Она сияет, а у меня нет слов. Меня ждут шестьдесят лет ее самых сокровенных мыслей, запечатленных на страницах.
– Я не знаю, как и благодарить…
И снова, как часто бывает, я хочу, чтобы нашлись слова сильнее, чем «Я люблю тебя». Она перекладывает коробку со своих коленей на мои, и я спрашиваю:
– При тебе читать?
– Не знаю… Честно говоря, я не помню, о чем в них говорится. Я никогда их не перечитывала. Я просто сохранила их для тебя, на будущее.
Я обнимаю ее за плечи, безуспешно пытаясь найти ответ, которого заслуживает подобный жест.
– Сначала я их писала, потому что ты был далеко, и я так много хотела тебе сказать, а потом Томми… и мы не разговаривали. Но я не могла перестать писать. Сперва это помогало мне собраться с мыслями, затем, по прошествии лет, стало способом запечатлеть нашу совместную жизнь, маленькими моментальными снимками во времени. Я все думала, когда их тебе отдать, все ждала какого-то самого важного события. Сегодня, кажется, самое подходящее время.
Она прислоняется ко мне и достает из коробки письмо, лежащее на самом верху.
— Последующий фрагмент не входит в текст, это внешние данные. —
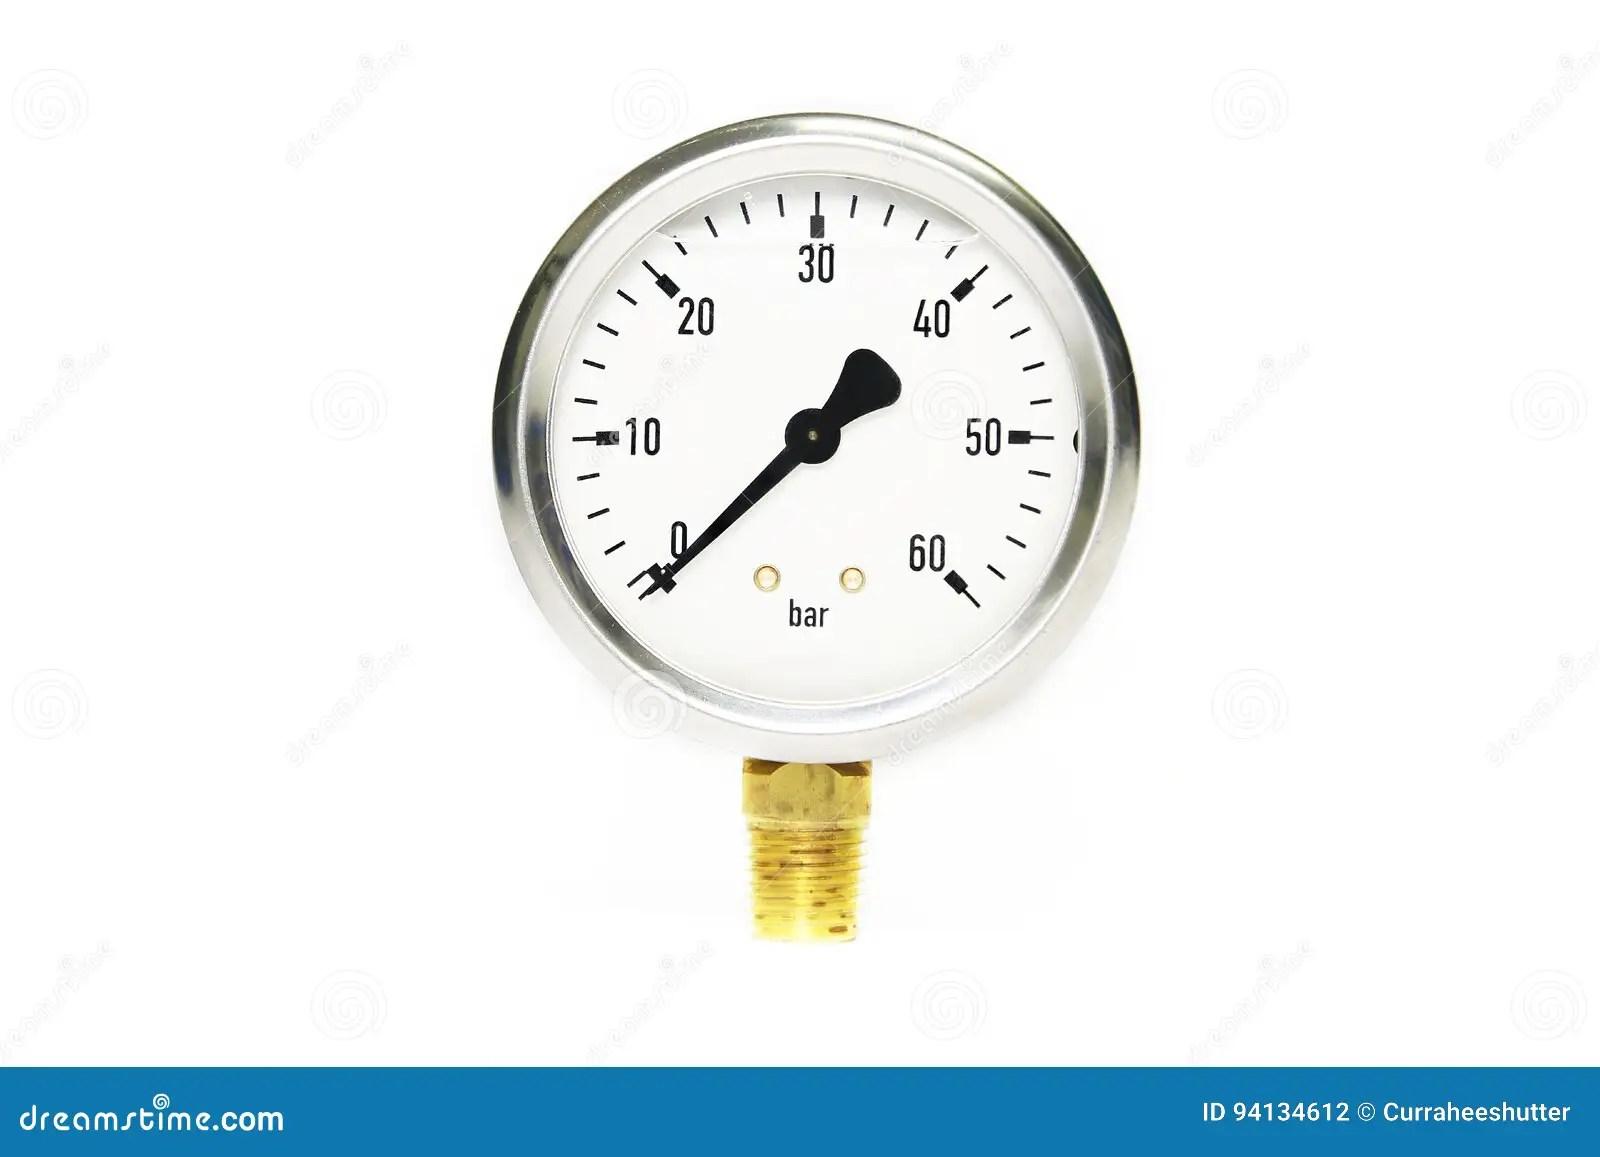 Pressure Gauge Using Measure The Pressure In Production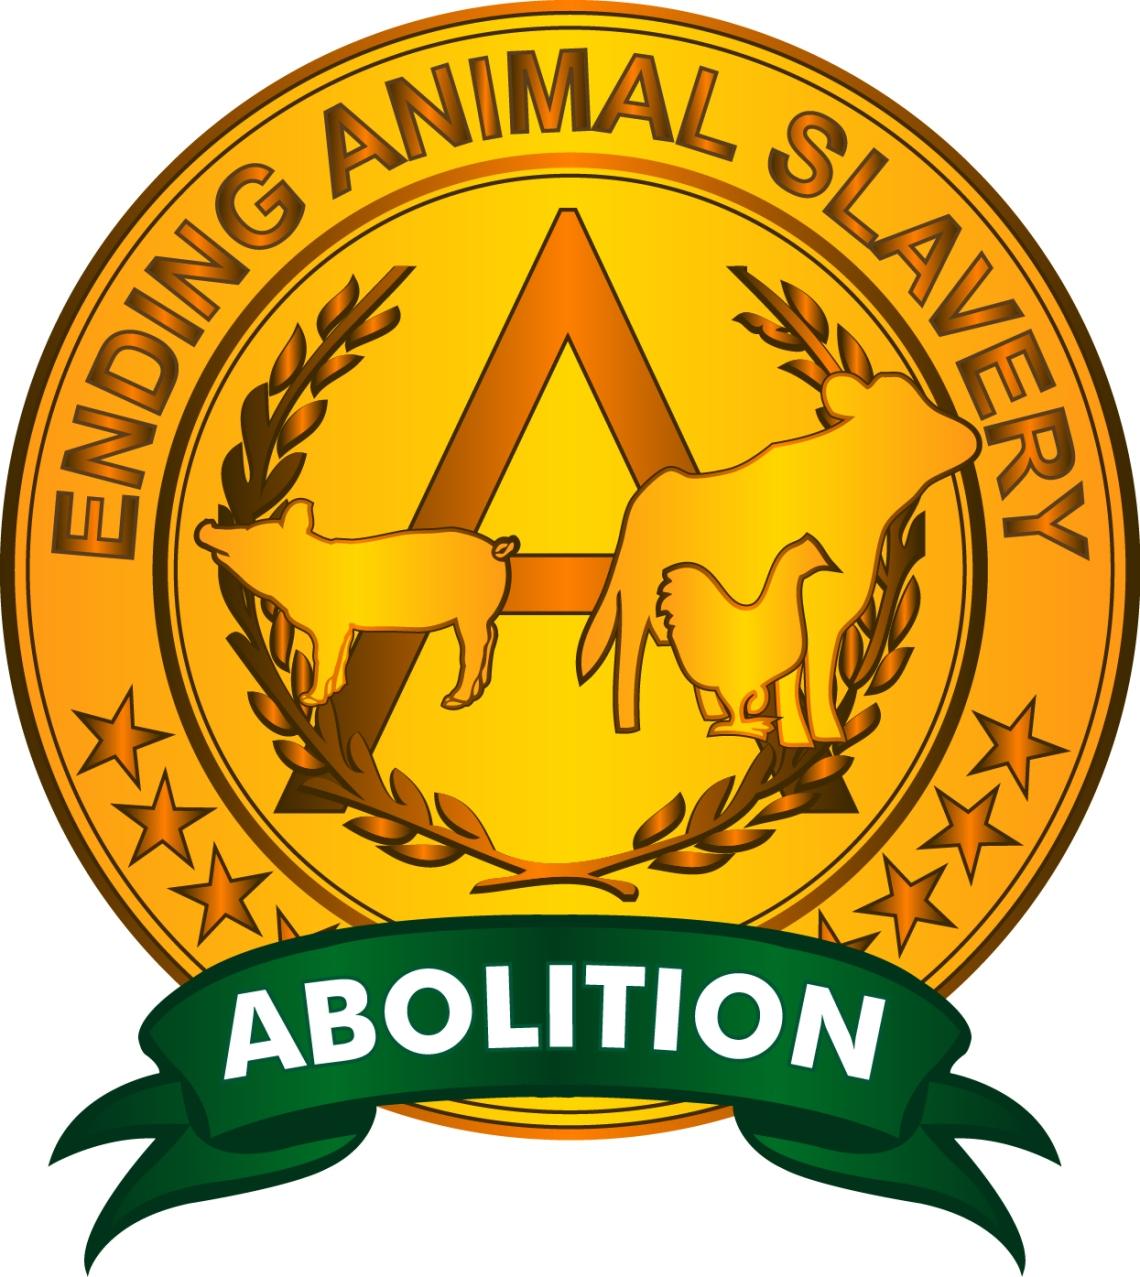 abolition logo

Конверт пожелтел и стал хрупким на ощупь, на лицевой стороне выцветшими чернилами написано мое имя.
– Читай их в любом порядке, только начни с этого, первого письма, которое я написала.
– Ничего, если мы прочтем его вместе?
Она едва заметно кивает, и я слабею, понимая, что после стольких лет, несмотря на то, что я раздвигал языком ее бедра, гладил ее по обнаженному животу, в то время как наши собственные дети уютно устроились в ее чреве, кончиками пальцев срывал неприглядные волоски с ее подбородка… я понимаю, что совместное чтение сокровенных писем заставляет ее стесняться.
Я переворачиваю конверт и аккуратно распечатываю. Бумага внутри тоже пожелтела. В правом верхнем углу стоит дата: 15 июня 1942 года. Год вызывает у меня комок в горле. Мы тогда как раз записались добровольцами, но я еще не увидел войны, а Томми, полный жизни, бесстрашный и дерзкий, стремился стать героем.
С трудом сглатываю и молча читаю.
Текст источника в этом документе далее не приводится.